Hukum  

Kronologi Kisruh PSEL TPA Rawa Kucing Tangerang Terendus

Kronologi Kisruh PSN TPA Rawa Kucing
Sudah ada TPA Rawa Kucing mengapa Jalan H Ahmad Dahlan Petir Cipondoh, Kota Tangerang dipenuhi sampah sejak sepekan terakhir.

KIRKA – Hingga September 2025, adendum PSEL TPA Rawa Kucing ternyata masih menggantung. Pemerintah Kota Tangerang tak kunjung menandatangani dokumen penting itu.

Pertanyaannya sederhana, ada apa di balik jeda ini? Bukankah proyek ini masuk kategori Proyek Strategis Nasional (PSN) sejak era Presiden Joko Widodo dan kini diteruskan Presiden Prabowo?

Yang terjadi justru sebaliknya. Pemkot Tangerang memainkan drama panjang: proyek yang awalnya mereka jual sebagai solusi, kini justru berubah jadi skenario penuh tanda tanya.

Lelang Mulus, Tapi Sarat Misteri

Data yang diterima menunjukkan, Pemkot membuka dokumen Request for Proposal (RFP) pada Juli 2019. Tak butuh waktu lama, konsorsium Oligo Partner keluar sebagai pemenang tender pada 31 Maret 2020.

Publik sempat menaruh harapan. Krisis sampah Rawa Kucing seolah akan menemukan jalan keluar. Namun, harapan itu cepat berubah jadi keraguan begitu detail perjanjian mulai terkuak.

PKS dan Addendum: Semakin Dibaca, Semakin Janggal

PKS pertama diteken pada 9 Maret 2022. Selanjutnya, Addendum I lahir pada 9 Oktober 2023, disusul Addendum II pada 12 Februari 2024.

Alih-alih menjernihkan, setiap addendum justru menambah keruh.

Dalam dokumen lelang, Pemkot menetapkan BLPS Tahap I Rp95 ribu/ton dan Tahap II Rp320 ribu/ton. Oligo mengajukan lebih rendah: Rp85 ribu/ton (Tahap I) dan Rp315 ribu/ton (Tahap II).

Namun dalam PKS 2022, BLPS Tahap I malah “dihilangkan” alias Rp0/ton, sementara Tahap II ditetapkan Rp310 ribu/ton. Addendum berikutnya hanya mengukuhkan skema aneh ini.

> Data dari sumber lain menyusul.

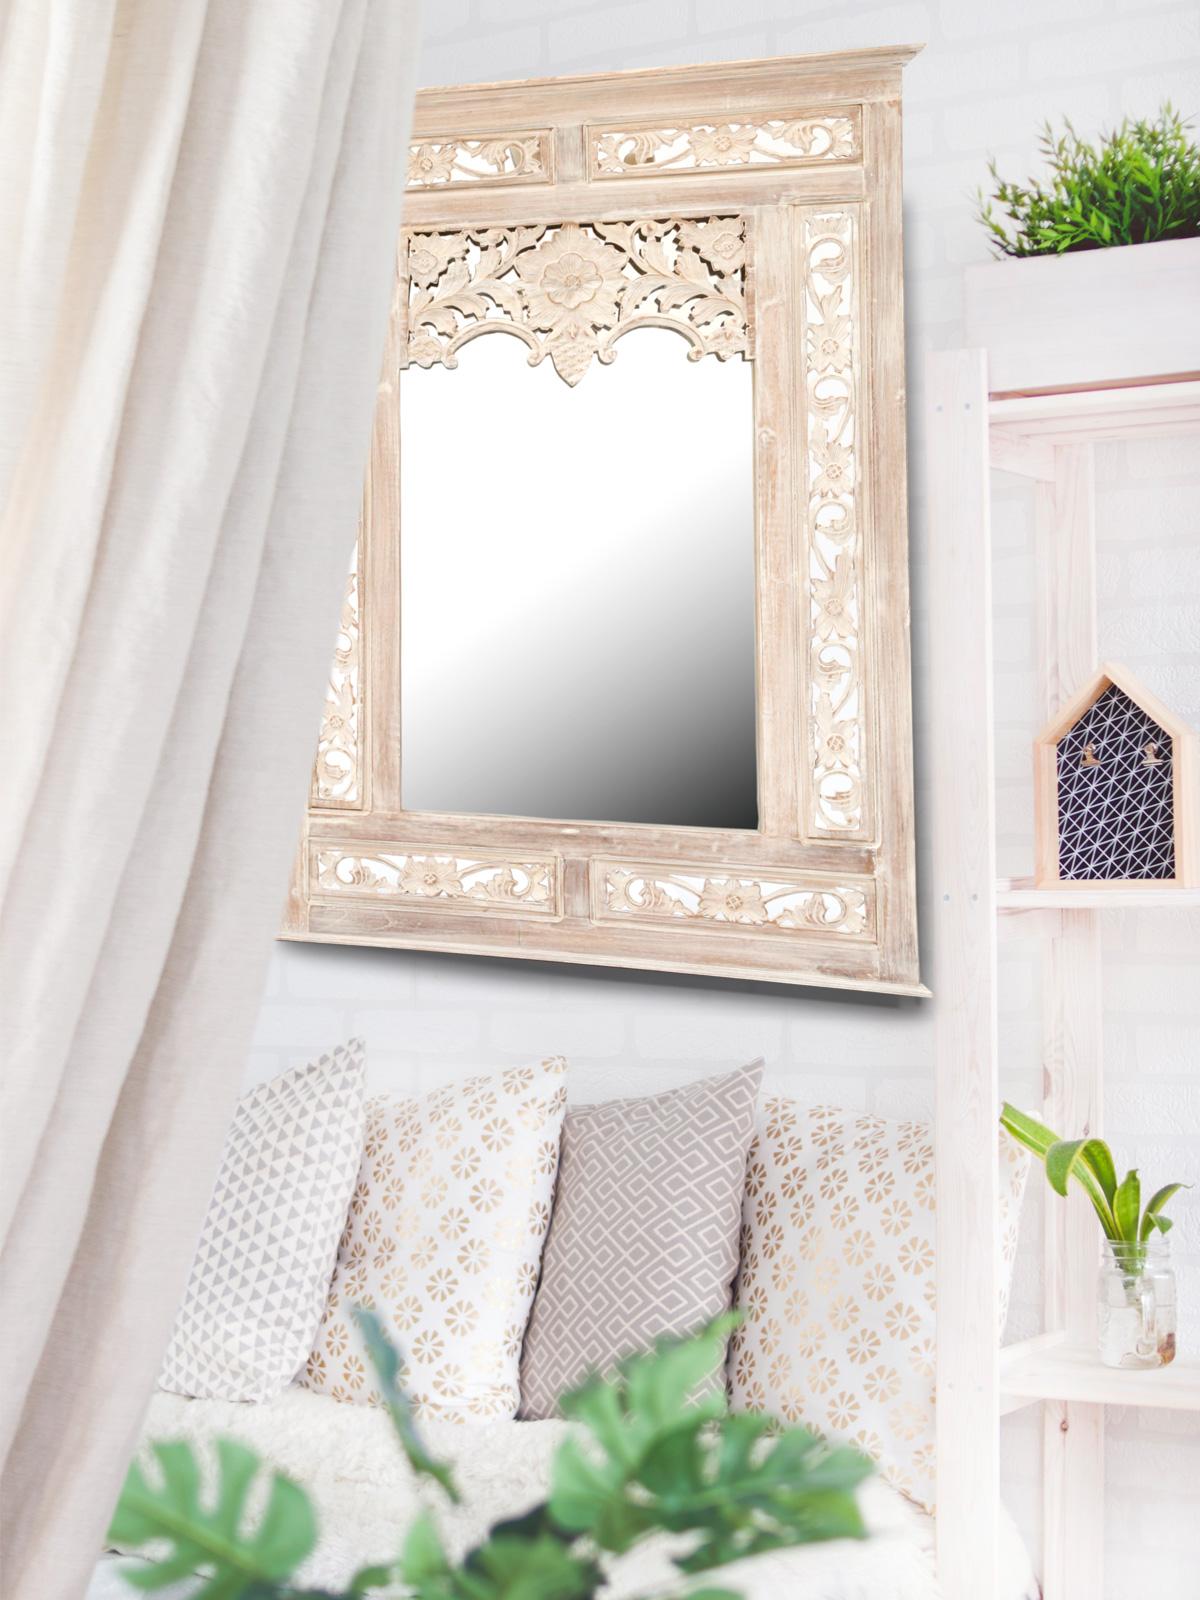 Grote witte oosterse spiegel handgemaakt met open for Goedkope barok spiegel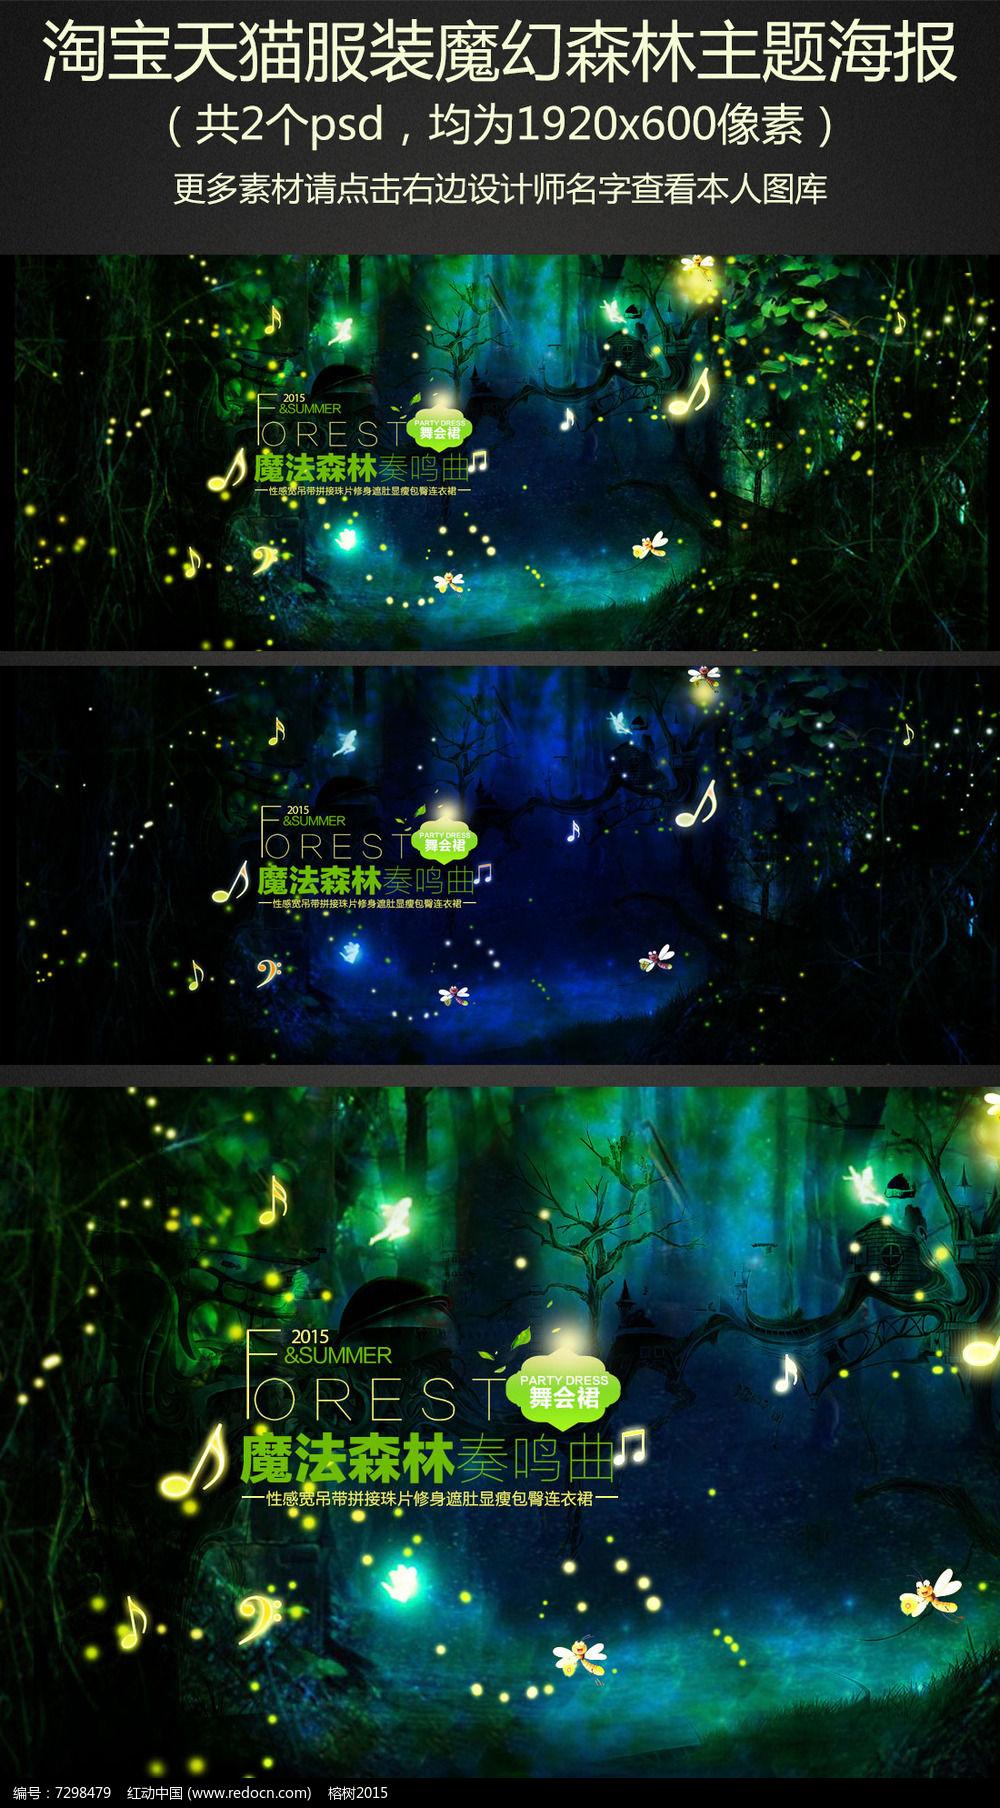 淘宝天猫服装魔幻森林主题海报

Publik pun bertanya: untuk apa ada dokumen lelang, kalau ujung-ujungnya bisa dihapus dan diubah sesuka hati?

Teknis Bergeser: Dari PLT Biogas ke PLT

Awalnya, Oligo menjanjikan PLT Biogas 9,1 MW, PLT RDF 23 MW, harga listrik 13,35 cent sesuai Perpres 35/2018, dengan masa operasi 25 tahun.

Namun pada 7 Juni 2023, PLN menolak studi kelayakan karena PLT Biogas dianggap tak sesuai regulasi. Oligo lalu menghapus rencana PLT Biogas, menaikkan kapasitas listrik jadi 40 MW, dan menurunkan harga jual ke 11,5 cent.

Logikanya jelas dipertanyakan: jalan dulu, dokumen belakangan.

Pemkot Lari dari Kewajiban?

Sejak awal, Pemkot memikul tanggung jawab utama: mulai BLPS hingga infrastruktur.

Tapi beban itu pelan-pelan dialihkan ke Oligo. Saat Oligo kewalahan, konsorsium tinggal menoleh ke pusat dan meminta dukungan tambahan.

Pada titik ini, publik makin bingung: proyek ini sebenarnya untuk siapa? Warga Tangerang, atau segelintir pemain di belakang konsorsium?

Kronologi Aneh yang Tak Pernah Usai
  1. BLPS diutak-atik: dari tanggung jawab Pemkot, tiba-tiba hilang di Tahap I.
  2. Aspek teknis dipelintir: PLT Biogas yang dulu dijanjikan, raib tanpa jejak.
  3. Kewajiban dialihkan: Pemkot lepas tangan, BUP menanggung, pusat diseret.
  4. Inkonsistensi dokumen: lelang, proposal, PKS, addendum—semuanya bercerita lain.

Solusi atau Ilusi?

Para pejabat masih terus menjual proyek ini sebagai solusi elegan untuk krisis sampah. Tetapi catatan di atas justru membuat publik mencium bau lain.

Hingga September 2025, masyarakat menunggu jawaban.

Rawa Kucing akan benar-benar bersih—atau justru hanya menyimpan skandal baru yang disapu di bawah karpet proyek PSN.